# Building A classification with PySpark and MLlib
# Breast Cancer Wisconsin case
##### @ author Frederic TWAHIRWA

### in this notebook , Decision Tree, Gradient-Boosted Tree and Random Forest Classier are going to be used.

## Decision Tree
Decision trees are widely used since they are easy to interpret, handle categorical features, extend to the multiclass classification setting, do not require feature scaling, and are able to capture non-linearities and feature interactions

## Ensemble Models : Gradient-Boosted Tree and Random Forest
An ensemble method is a learning algorithm which creates a model composed of a set of other base models. spark.mllib supports two major ensemble algorithms: GradientBoostedTrees and RandomForest. Both use decision trees as their base models

## Gradient-Boosted Tree and Random Forest
Both Gradient-Boosted Trees (GBTs) and Random Forests are algorithms for learning ensembles of trees, but the training processes are different. There are several practical trade-offs:

- GBTs train one tree at a time, so they can take longer to train than random forests. Random Forests can train multiple trees in parallel.
- On the other hand, it is often reasonable to use smaller (shallower) trees with GBTs than with Random Forests, and training smaller trees takes less time.
- Random Forests can be less prone to overfitting. Training more trees in a Random Forest reduces the likelihood of overfitting, but training more trees with GBTs increases the likelihood of overfitting. (In statistical language, Random Forests reduce variance by using more trees, whereas GBTs reduce bias by using more trees.)
- Random Forests can be easier to tune since performance improves monotonically with the number of trees (whereas performance can start to decrease for GBTs if the number of trees grows too large).

- In short, both algorithms can be effective, and the choice should be based on the particular dataset.

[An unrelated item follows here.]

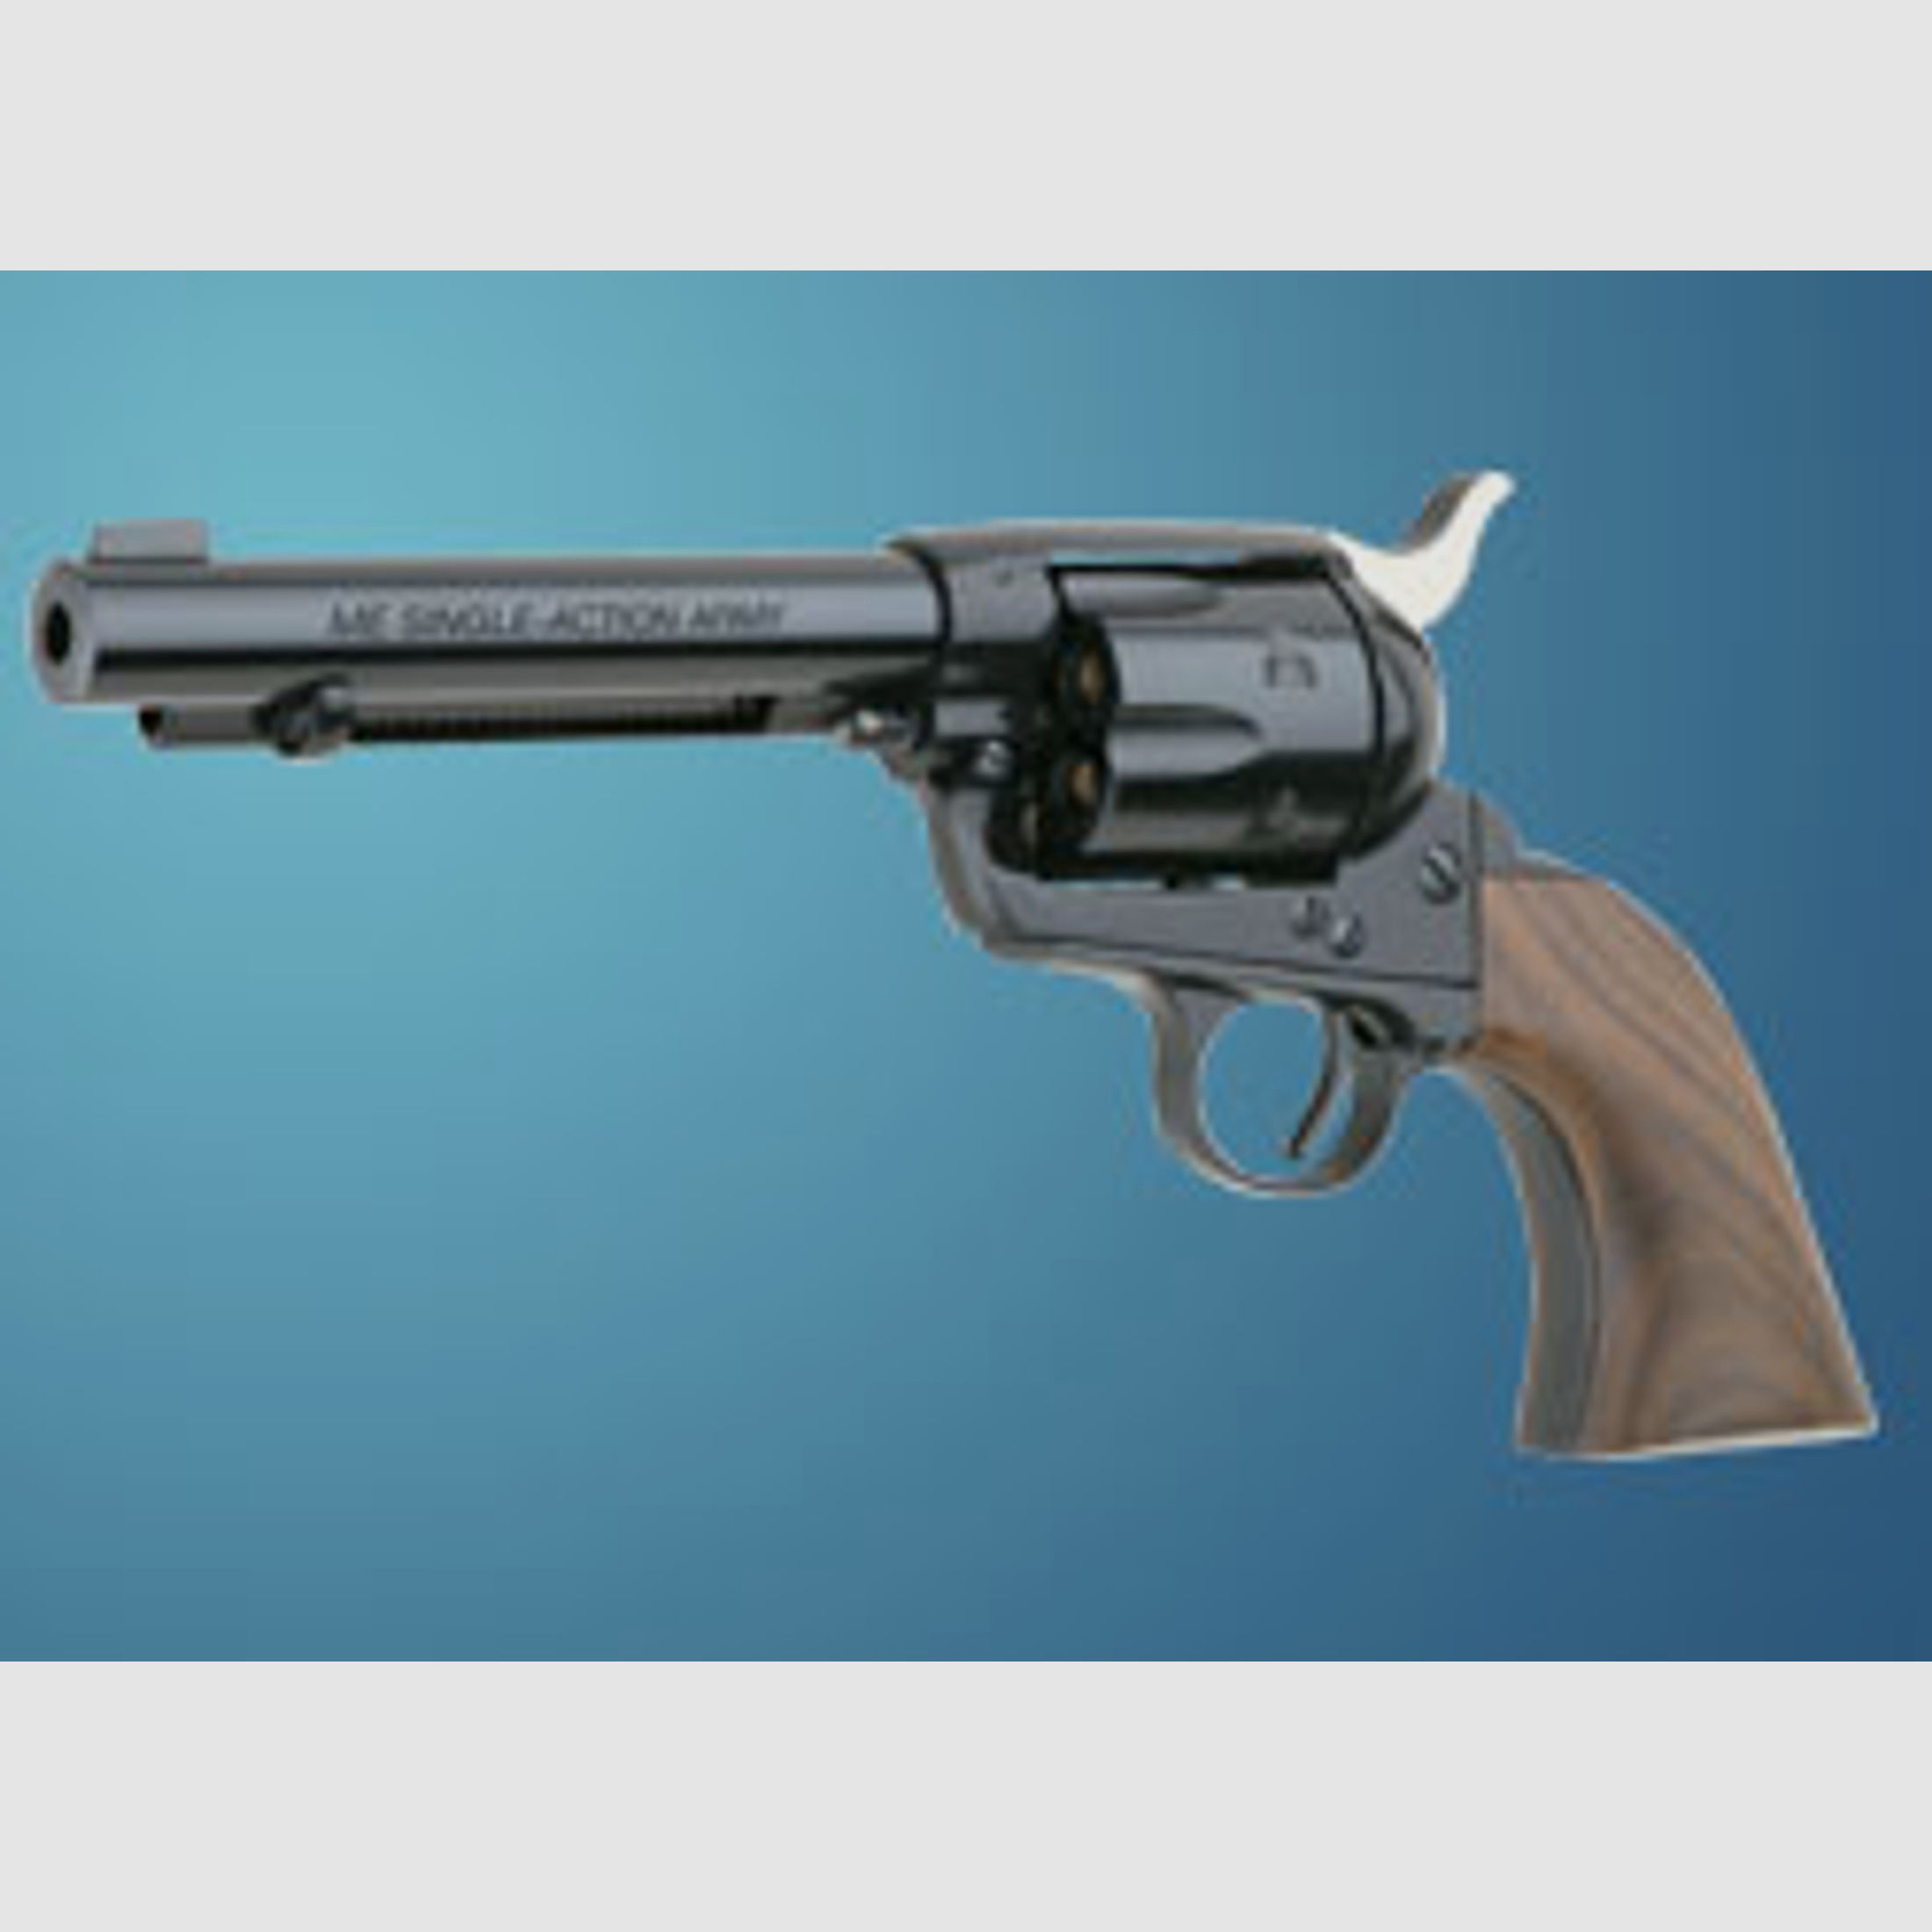 ME "F" LEP Druckluft-Revolver Single-Action Army 5,5mm, brüniert mit Holzgriff

reference : Apache Spark (https://spark.apache.org/docs/2.2.0/mllib-ensembles.html)

## Breast Cancer Wisconsin (Diagnostic) Data Set

For this example we Data set "Breast Cancer Wisconsin (Diagnostic)" from "UCI Machine learning repository  :(https://archive.ics.uci.edu/ml/datasets/Breast+Cancer+Wisconsin+(Diagnostic) is going to be used. 
1 column : ID number; 
2 column : Diagnosis (M: Malignant, B=benign); 
3-30 columns : features (results of some analysis and measurements); 
more information : https://archive.ics.uci.edu/ml/datasets/Breast+Cancer+Wisconsin+(Diagnostic)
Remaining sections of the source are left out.